Подумав, он добавляет:
- И ведь хорошо, что дома остались! Время-то вон какое баламутное...
Поехали бы, да вдруг нас с дитем в пути затерло!
Конечно, он прав: дома нам с Колобком спокойнее.
- Ну-к, ваше благородие, господин поручик Колобок, - обращается Иван к
Колобку, присев перед ним на корточки, - айда мы с тобой в лавку за
провиантом. Жить-то, мил друг, надо? Пить-есть надо?
- Нада, нада! - восторженно пищит Колобок и сам тянется к Ивану на
руки.
После их ухода я, - как говорится о демобилизованных на языке
официальных документов царского времени, - "возвращаюсь в первобытное
состояние": снимаю шубу, шапку и единственную калошу.
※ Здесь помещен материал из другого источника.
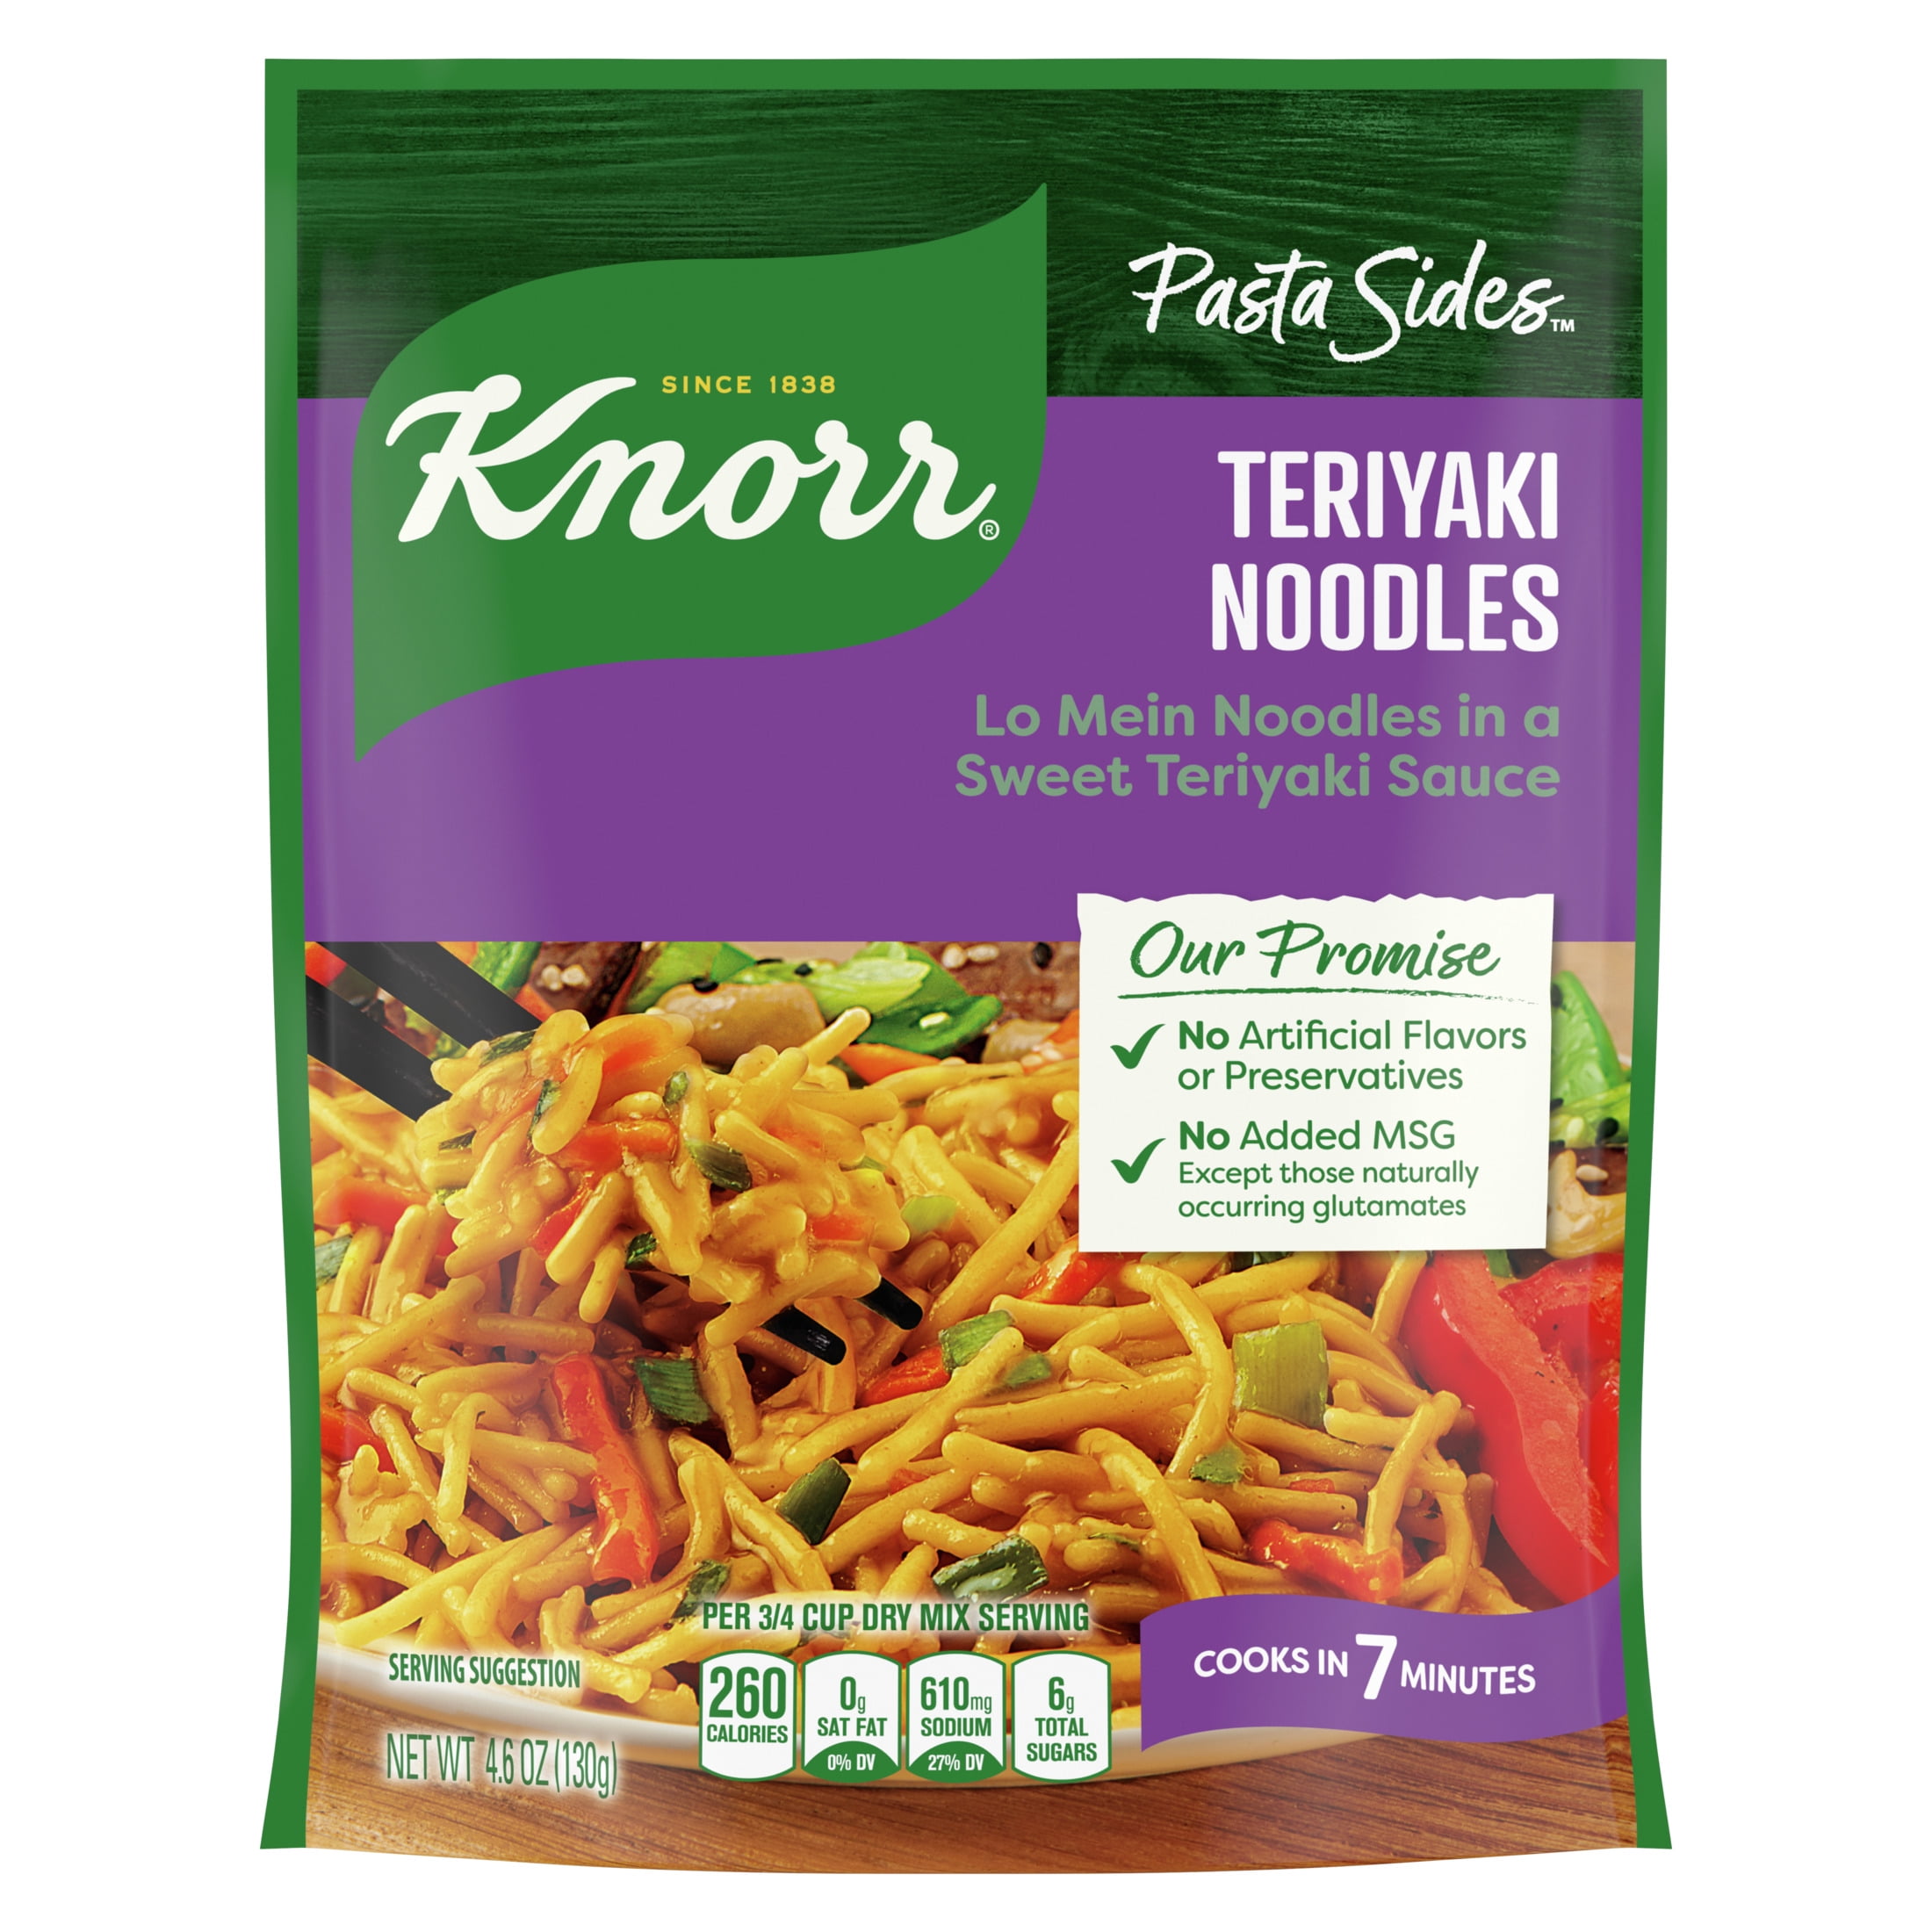 Knorr Pasta Sides Teriyaki Noodles, Cooks in 7 Minutes, No Artificial Flavors, No Preservatives, No Added MSG 4.6 oz

Потом сажусь и думаю.
Подумать надо о многом.
Вот, значит, и свершилось то, о чем мечтали все мы, все обитатели
"глубинок", захудалых городов и сел российских: революция наконец
приблизилась вплотную и к нам!
И от этой мысли меня заливает надеждами, - ведь подумать только, где мы
живем, какая вокруг нас обстановка!


2. Где мы живем?

Из-за двойных оконных рам, вставленных уже по-зимнему (вставлял и
замазывал рамы душевнобольной-хроник Филя, старик с разбойничьей мордой и
клокастой, пегой, рыже-седой бородой), доносится привычный рокот мужских
голосов. Так шумят школы во время перемены. Так же - непрерывно,
множественно, но еще и торжественно-хорово - гудят телеграфные столбы, если
приложить к ним ухо. Лишь, в отличие от школьного гомона, здесь не
прорываются смех и веселые восклицания, нет и успокаивающей ровности
глубокого дыхания телеграфных проводов. Здешний гомон, скорее, угрожающий по
интонации, его все время прорезают яростные крики, из зарешеченных окон
вырывается разнообразная брань, почти всегда грубая и циничная.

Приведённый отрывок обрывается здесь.